OnDemand User Group

Support Forums => MP Server => Topic started by: tjspencer2 on November 08, 2020, 08:42:36 AM

Title: Unified Content and Access integration Layer (UCAIL)
Post by: tjspencer2 on November 08, 2020, 08:42:36 AM
So there are vendors in the marketplace that have productized software to create integrated content access and integration layers that abstract your content repositories (FileNet, CMOD, SharePoint, et. al.) metadata properties (including pointers to documents/reports) to an "access and integration layer" typically storing this metadata in NoSQL database.  This can empower web service access to enterprise search and "get" calls at this "access and integration layer" in lieu of writing API interfaces to all the individual back office content stores.  Assume for the sake of conversation that all noted so far is possible, when it comes to CMOD, is there a way to get to a single "Unique ID" for a specific CMOD document or report?  Given that CMOD is all about where something is within an input file, it's much different than a GUID (globally unique ID) that is stored in a content repository like FileNet or SharePoint.  Just wanted to see if anyone had attempted to do this and what they had come up with as their solution. 
Title: Re: Unified Content and Access integration Layer (UCAIL)
Post by: Justin Derrick on November 08, 2020, 02:31:46 PM
What's the end goal / big picture?  Search federation or enterprise search?  This sounds a lot like CMIS, which seemed to fizzle out after a few years of hype.

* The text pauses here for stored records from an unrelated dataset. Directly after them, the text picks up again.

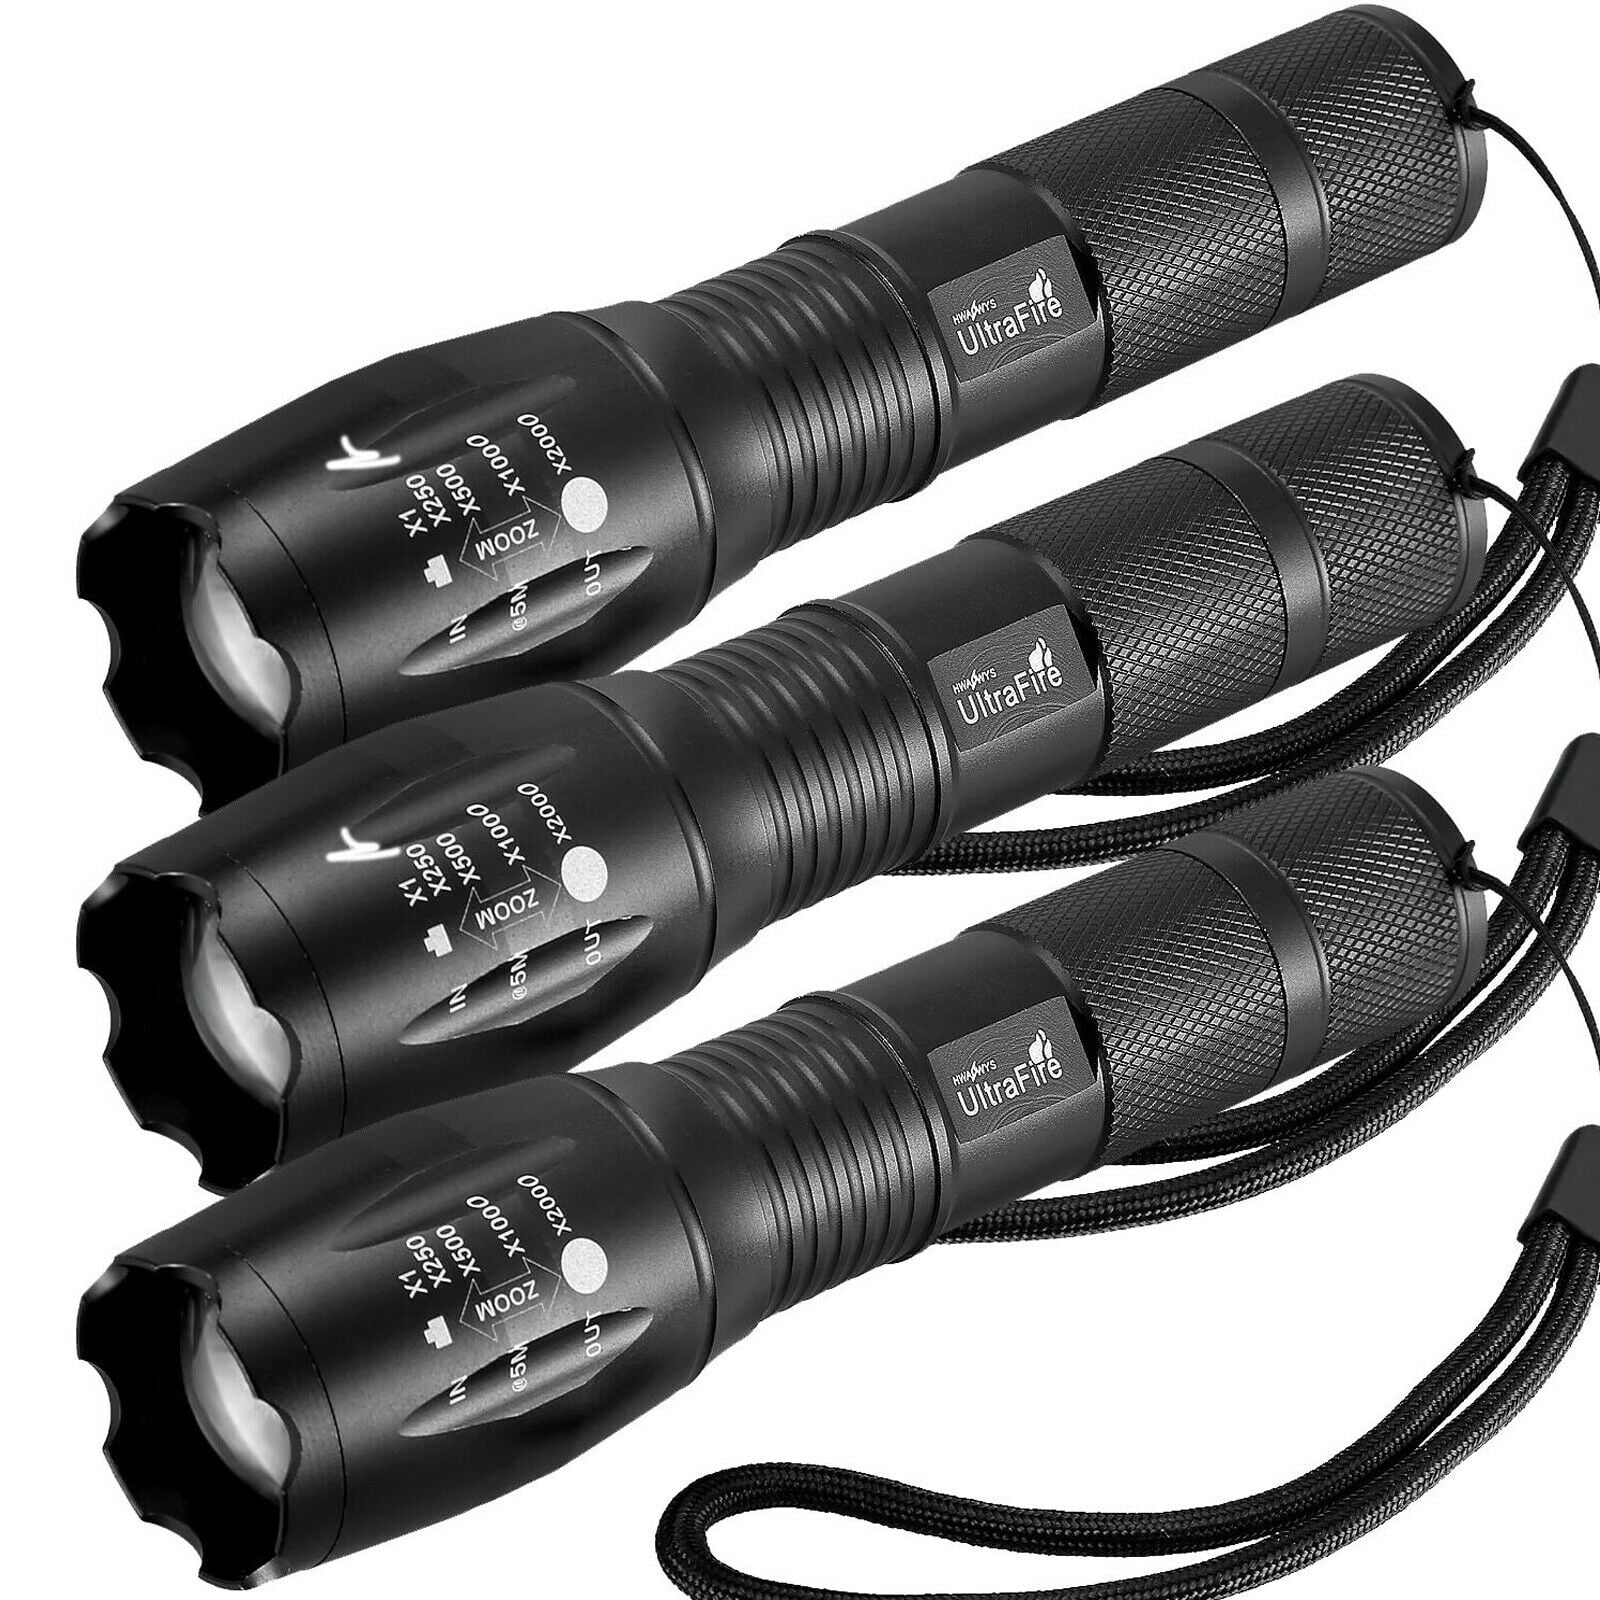 Tactical Ultrafire Flashlight T6 LED 18650 Torch 20000Lumen Zoomable Lamp Light+ 
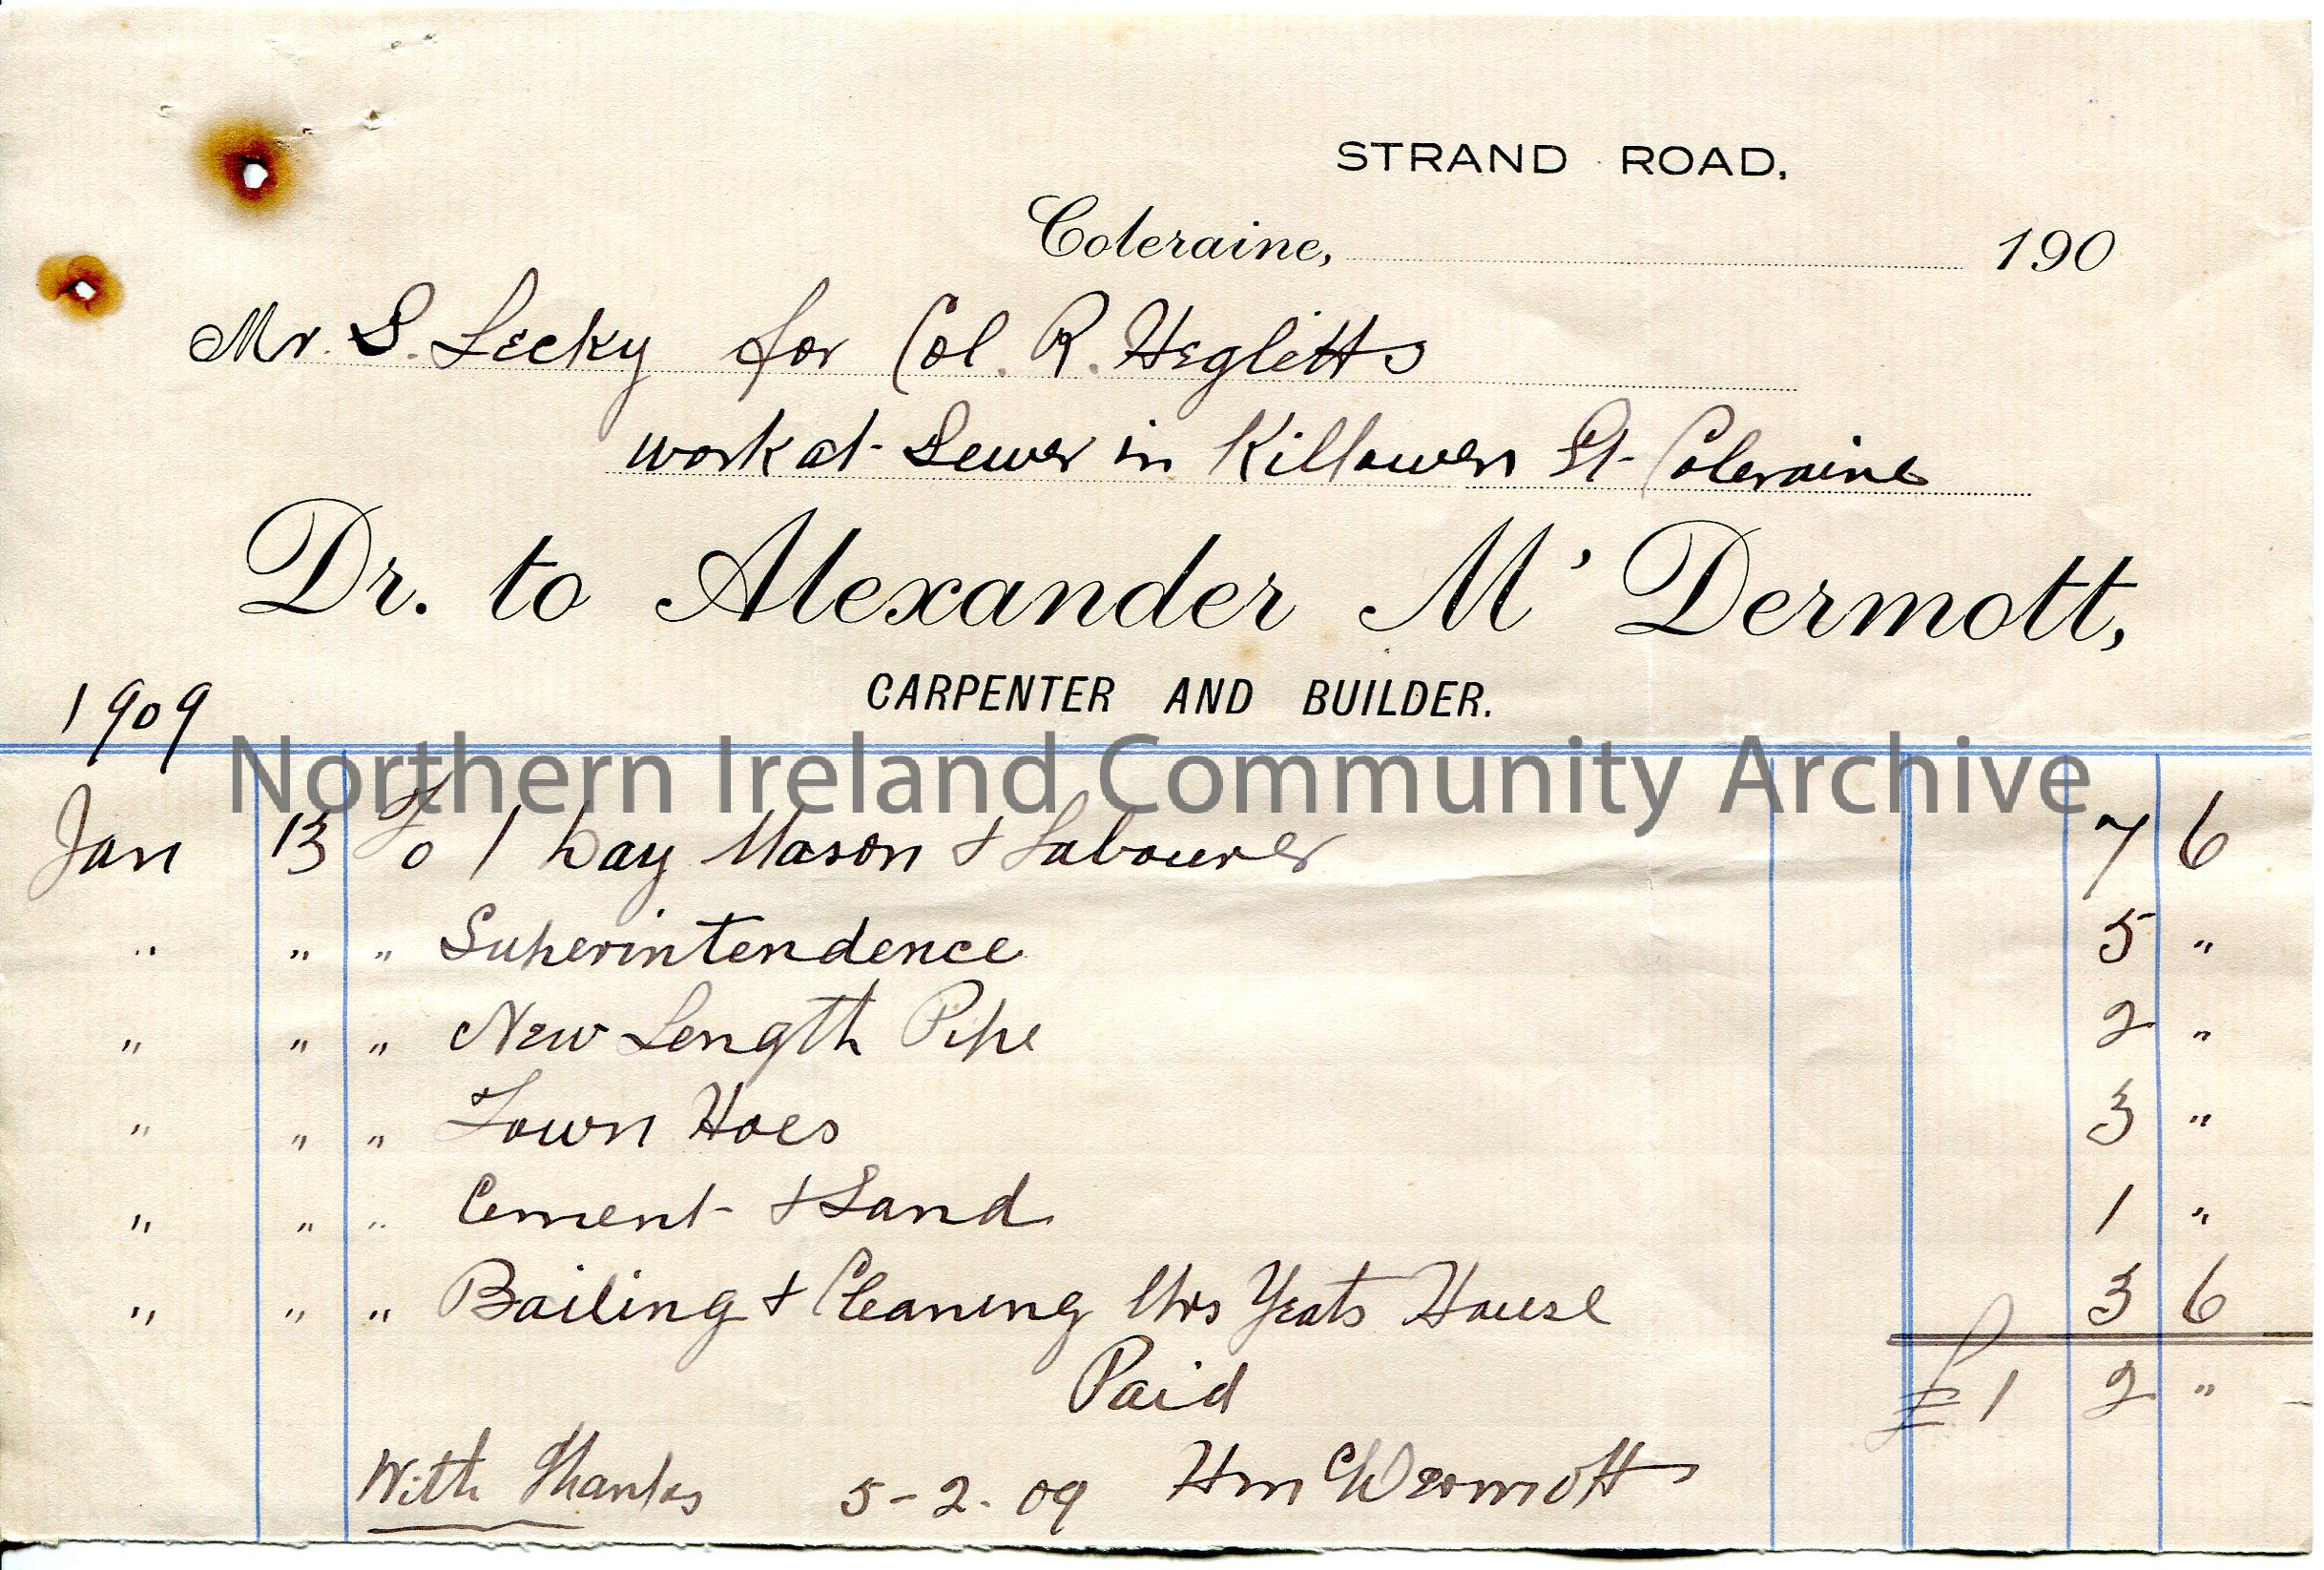 Handwritten receipt for work and materials completed in January, 1909 by Alexander M’Dermott, Carpenter and Builder, Strand Road, Coleraine. Invoiced …
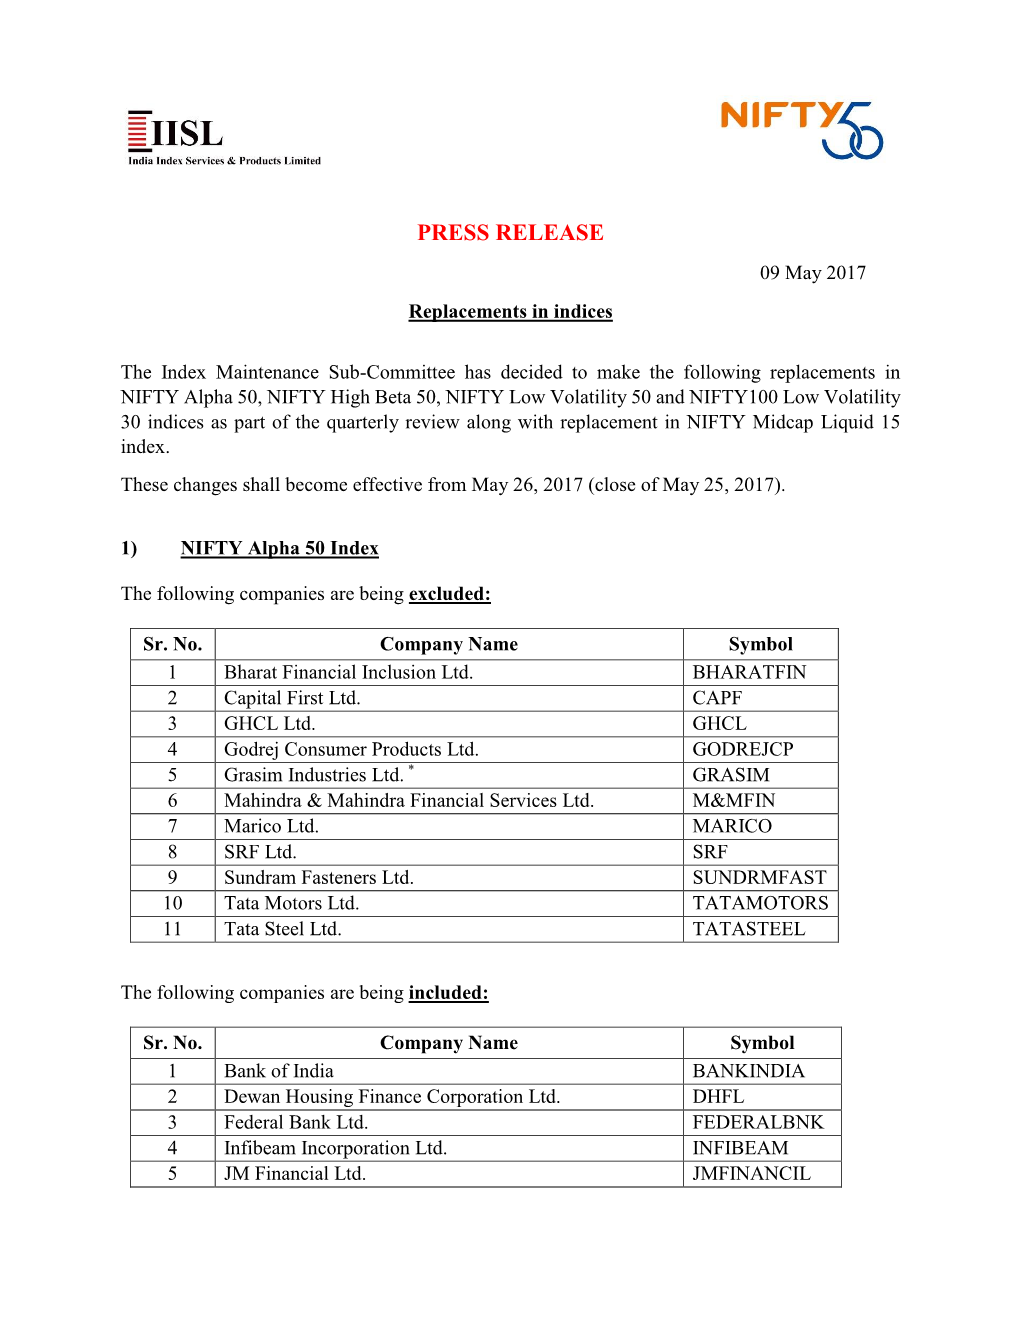 PRESS RELEASE 09 May 2017 Replacements in Indices

As for accessing a document, there really isn't a way.  You could store the object name, plus the byte offset and length, but it would still be compressed in a proprietary fashion, so you'd still have to call CMOD anyway.

You absolutely *can* use globally unique document IDs or document hashes as metadata for searching for a *specific* document, but that actually just adds to the overhead, it doesn't reduce it.

Title: Re: Unified Content and Access integration Layer (UCAIL)
Post by: tjspencer2 on November 13, 2020, 06:13:28 AM
It's conceptually very much like CMIS but reportedly benchmarks faster.  We've done some custom solutions like this where we extract load metadata (query strings and load ids) so that web service calls can do a "get list" against SQL in lieu of ODWK - VERY fast.  Then our web service ONLY calls ODWEK when the user wants to "get" the document/statement - executes the stored query string via ODWEK.

The big picture is "enterprise search", and my question is, "Does CMOD provide a way to identify a document ID, a GUID, if you will, so that this can somehow be extracted and stored along with other metadata?  Or do we have to go with an approach like I outline above where we extract load ID and store a query string to be executed for "gets". 

And my CMOD context is PDF statements - while many PDF files only had one statement in them, most were large PDF files - hundreds of megs - that contained tens of thousands of contiguous PDF statements all in the same file.

Title: Re: Unified Content and Access integration Layer (UCAIL)
Post by: Justin Derrick on November 13, 2020, 06:37:11 AM
There *used* to be a DocID that you could store, but it was a (severe) security problem.  DocID's are now encrypted, and are only valid for a particular user on a particular server, and I believe for a limited amount of time.

You could enable GUIDs or Document Hashes in CMOD, but then you'd still have to do a search beforehand.

I'm actually curious to know where the performance problem is.  I have customers doing high-hundreds-of-millions of queries a day, along with low-hundreds-of-millions retrievals per day, with *zero* performance concerns except the occasional 'malicious query' (like, "all customers with 'S' in their name").  There's a LOT of tuning that can be done in CMOD.

Title: Re: Unified Content and Access integration Layer (UCAIL)
Post by: tjspencer2 on November 20, 2020, 05:01:16 AM
So there are a few of things going on there, Justin.

First - Check Images - Our primary use case is PDF check statements with lots of images - as I appreciate it, CMOD stores check images separately from text and effectively reassembles them on the ODWK "get".  Because we have some statements with thousands of pages of images, these can completely compromise our performance when these statements are called to reassemble.

Second - Bad Design - We have a variety of statements stored across a variety of AGs and Folders, AND we have the same fields named differently across AGs/Folders (synonyms) that when trying to pull everything for a customer across the whole API is problematic.  In short, this is somewhat our own fault.  We had several cooks in the kitchen at one time before my team took over.   

Third - [ODWEK] API Performance/Expertise - Our developers don't want to have to learn every application's API and instead argue for an abstraction layer.  Also, searching ODWEK across a slew of CMOD Folders/AGs to retrieve ALL of a customers statement types is pretty painful to them, and they argue it doesn't perform near as well as an abstraction model does.

Hopefully this helps a bit.